Find the series' radius and interval of convergence. Then identify the values of x for which the series converges absolutely and conditionally.

## Homework Equations

ratio test

absolute convergence test

alternating series test

## The Attempt at a Solution

[tex]\lim_{n\rightarrow\infty}\vert\frac{(x-1)^{2n+3}}{2n+3}\frac{2n+1}{(x-1)^{2n+1}}\vert=\lim_{n\rightarrow\infty}(x-1)^{2}\frac{2n+1}{2n+3}[/tex]

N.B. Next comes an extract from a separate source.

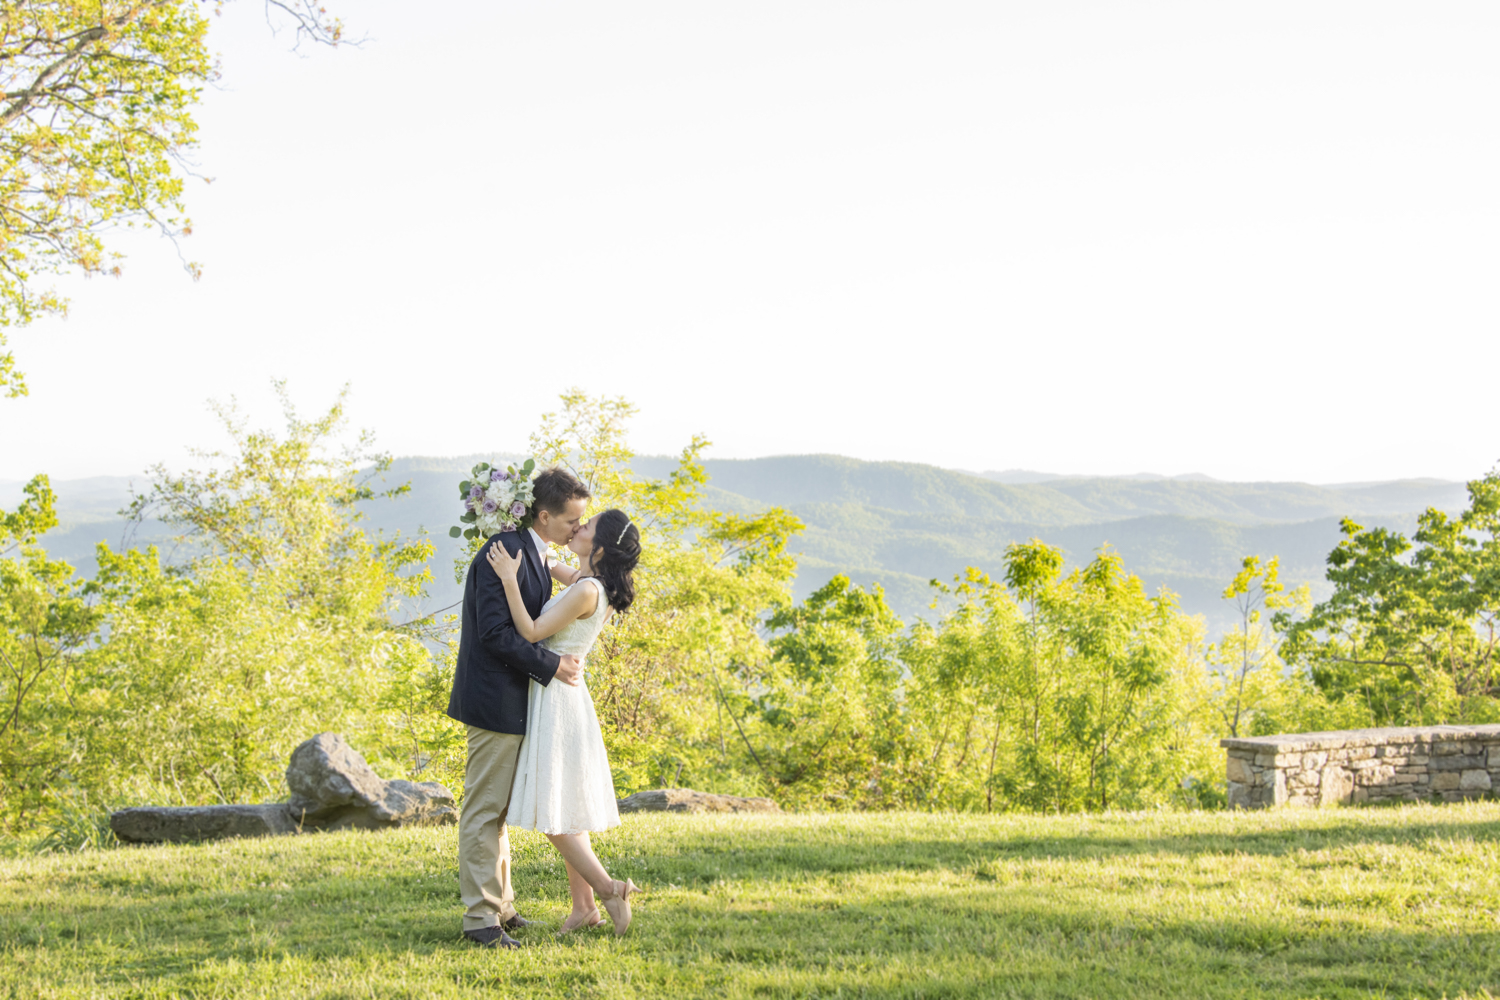 Couple kissing at wedding with mountain views

[tex](x-1)^{2}\lim_{n\rightarrow\infty}\frac{2n+1}{2n+3}=(x-1)^{2}[/tex]

[tex](x-1)^{2}<1[/tex]

[tex]\sqrt{(x-1)^{2}}<1[/tex]

[tex]\vert x-1\vert<1[/tex]

[tex]0<x<2[/tex]

so my radius of convergence is 1

then plugging in x=0 and x=2

i get [tex]\sum_{n=0}^{\infty}\frac{(-1)^{n}(-1)^{2n+1}}{2n+1}[/tex] and

[tex]\sum_{n=0}^{\infty}\frac{(-1)^{n}(1)^{2n+1}}{2n+1}[/tex]

i found that at both x=0 and x=2 the series converges conditionally

so then my interval of convergence is [tex]0\leq x \leq 2[/tex] with absolute convergence on 0<x<2 and conditional convergence at x=0 and 2

i have a test tomorrow on sequences, infinite series, power series, and taylor series so I am working on the problems in my book but this one is an even numbered problme so i can't check my solution in the back of the book

also i noticed that this series is the taylor series for arctanx centered at x=1, could i have used this to get the solution much quicker than what i did?